O Auto da Compadecida: representações do cotidiano e leituras do real

Este artigo se dispõe a conectar-se com todos os que questionam e refletem sobre o Nordeste, região com baixos indicadores socioeconômicos, apesar de possuir riquezas naturais e terras férteis.

Através do filme Auto da Compadecida dirigido por Guel Arraes, é possível analisar as estruturas sociais e econômicas nordestinas e observar os elementos que compõe uma das sociedades mais desiguais do Brasil, apesar de que o quadro político e econômico encontrado no Nordeste não é exclusivo daquela região, podendo ser vista em várias outras partes do país.

Ariano Suassuna, em uma atitude feliz e criativa, escreve a peça Auto da Compadecida em 1955 com conhecimento de causa e de uma forma absolutamente didática, fácil de ser assimilada, deglutida, tanto para a época como para os dias de hoje, pois com facilidade as pessoas podem observar o solo em que o filme se planta, as raízes que se desenvolvem nele e os frutos que podem ser degustados.
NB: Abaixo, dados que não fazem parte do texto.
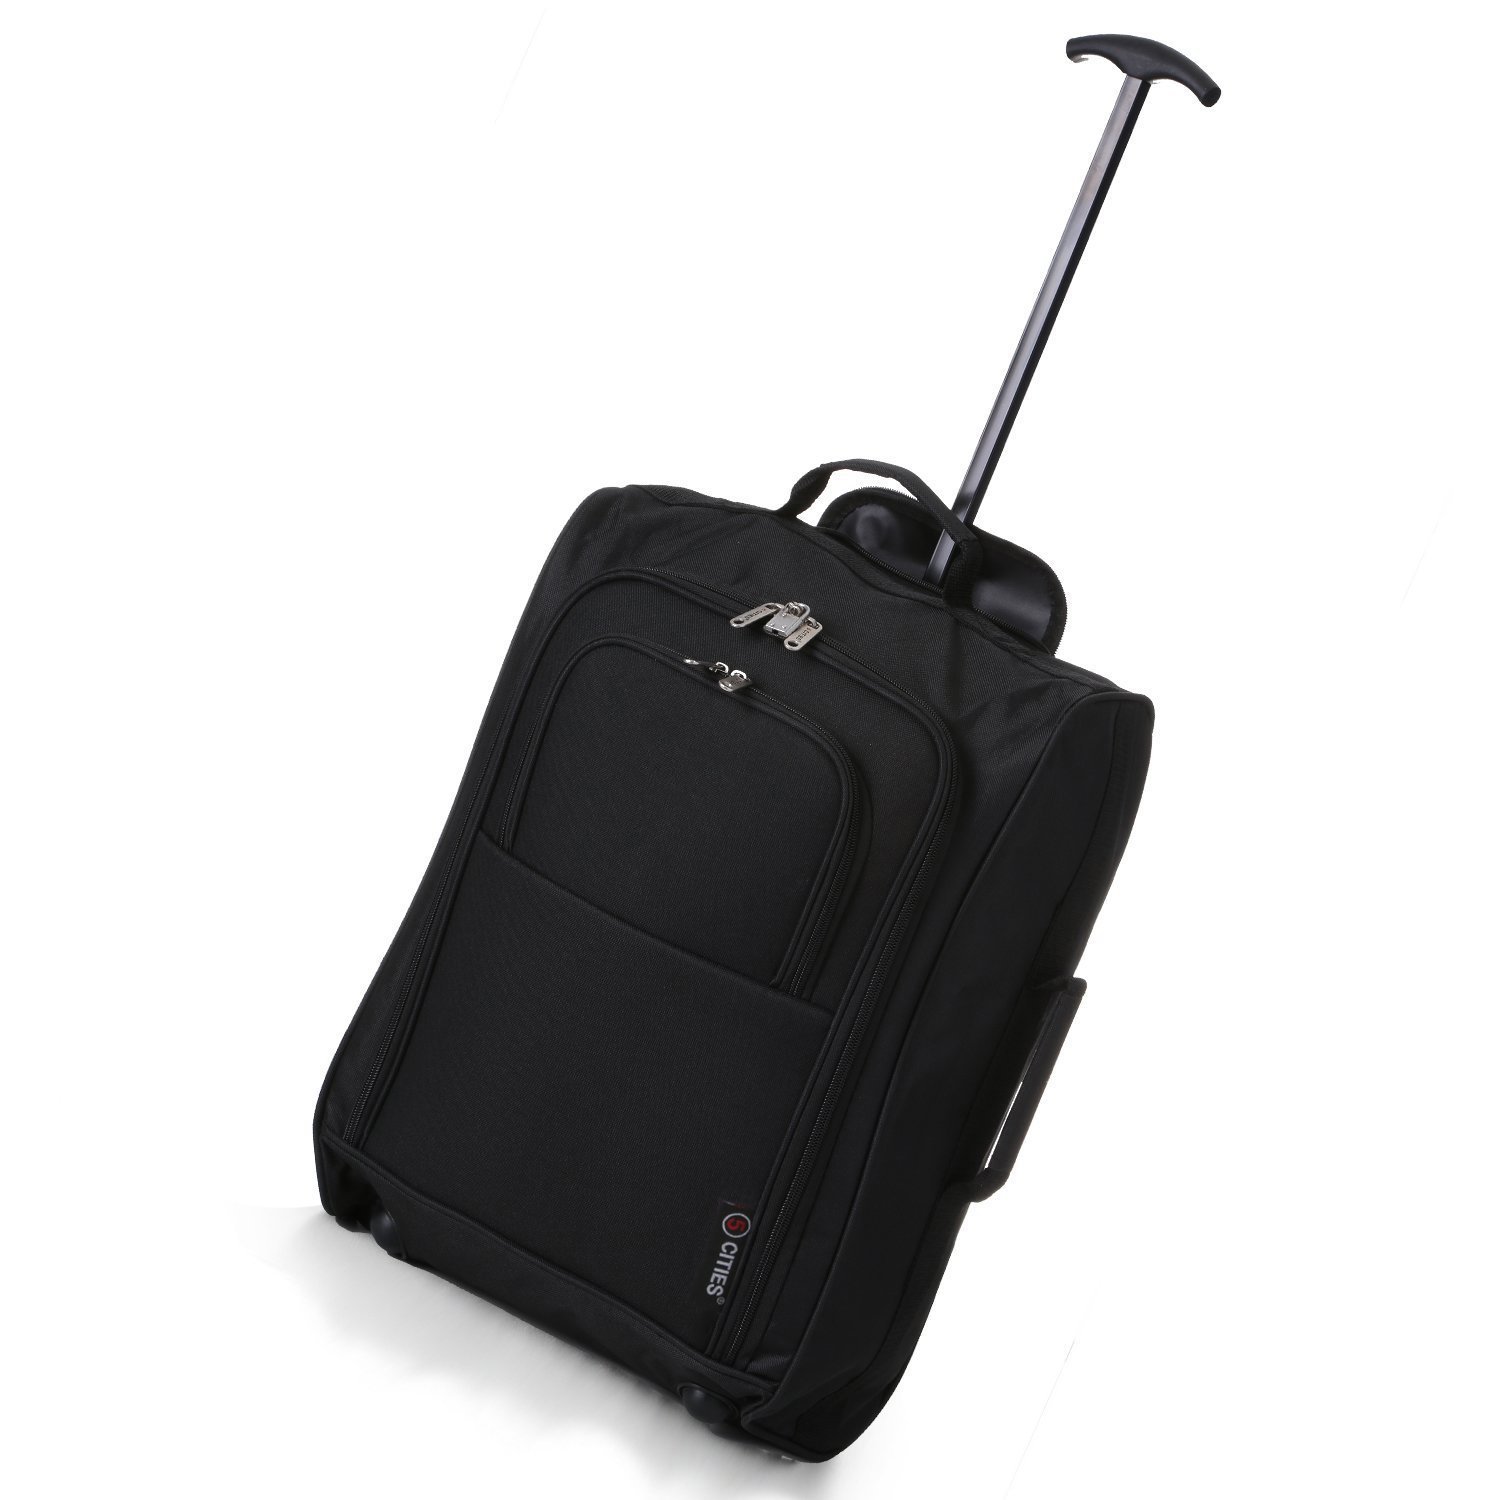 UK Luggage Buying Guide 2019 - All Baggage Types Explained

E o solo em questão é o belo e injustiçado Nordeste, terra de muitas belezas e pouca distribuição de renda, muitas praias e péssimos índices de saneamento básico e altos índices de analfabetismo e desnutrição. Durante séculos os problemas brotavam como se fossem ervas daninhas. Algumas atitudes inovadoras, como a de Delmiro Gouveia, patrono da indústria no Nordeste, mostrou que as coisas podem ser diferentes e opções sempre existem.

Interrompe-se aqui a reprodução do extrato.